В далёких скалах Кахнута есть пещеры, мальчик повёл эти следы от пещер и верхами, верхами привёл их на эту сторону горы, перевёл через дорогу и увёл оврагами к далёкому склону Кошакара. Мысленно мальчик уже смотрел с вершины горы, и они виделись ему чёрными точками на заснёженном склоне. Их путь, когда он начался? Рано ли утром, когда мальчик ждал отца, прислонившись к дверному косяку, или вчера ночью, когда мальчик принял решение пойти с отцом за сеном, неделю назад, месяц назад или же всю войну он, тот, молча, незаметно следовал за раненым медведем?
Они вышли на развилку, дорога к зимовью уходила на Седло, но отец не пошёл нужной дорогой и не остановился, не меняя шага, он пошёл по тропе Синего родника, которая под снегом сровнялась и была не видна. Отец что же, решил не ходить на зимовье или, может, в этом продрогшем несчастном мире сломанные ворота хлева показались ему пустяковиной, а может быть, отец решил сам приладить вязанку мальчика? Мальчик потом понял, что отец просто убежал, просто не захотел увидеть своего навьюченного сына и убежал — лучше не видеть мучений ребёнка. Стоя на вершине холма, отец показывал мальчику, где лежит их сено.
Там же, на вершине холма, взорвался-пронёсся у них над ухом последний клочок ветра, они зашли за холм, и там был один сплошной пустынный, ослепительно сверкающий мёртвый покой. Ветер гудел на тенистой стороне склона, а на этой стороне были солнце и тишь. Мальчик потёр уши, отец с сыном стояли, смотрели вниз, в ушах мальчика свистела пустынная тишина белых пространств — отсюда и до самой большой равнины Кошакара. Ничто не двигалось. За восемнадцать километров вниз по реке, там, возможно, жила слабая надежда, в низине, в чаще, может быть, тлела и его надежда, и надежда медведя, но здесь ничего не было видно.

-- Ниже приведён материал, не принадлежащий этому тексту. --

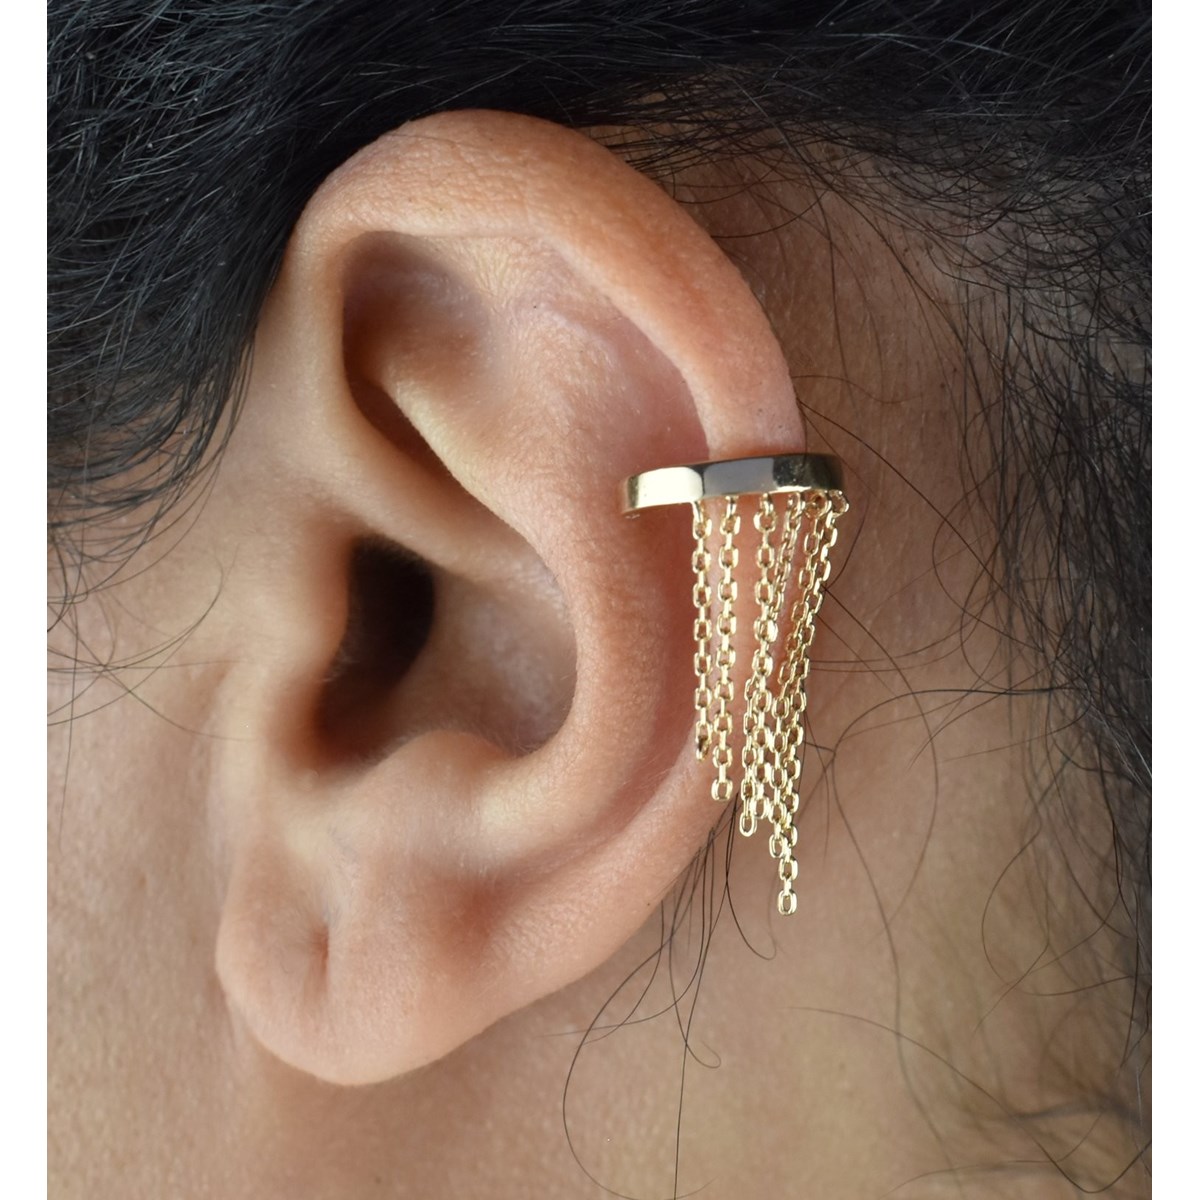 Clip d'oreille earcuff avec chaînettes pendantes Plaqué OR 750 3 microns - vue 3

— Всякое может случиться, если встретится тебе по дороге, — сказал отец, — молча пройди, будто не видишь. А если вдруг заговорит, спросит о чём-нибудь, скажи: не один я, отец следом идёт, дед идёт, наши все за мной следом идут.
Стожка не было видно. Взгляд мальчика обежал весь склон, но стожка не было, всякие мелкие холмики — да, но то были муравейники. На всём белом склоне одно только чёрное пятно, маленькое чёрное пятнышко, мальчик понял, что это родник, тот, что в топи, потом мальчик разглядел высокие сухие камышины, одни кончики только, снег, значит, такой высокий там. Потом мальчик нашёл-таки стог, но не захотел поверить, что это его с матерью высокий осенний стог. Сейчас он был с муравейник, он казался под сеном просто муравейником.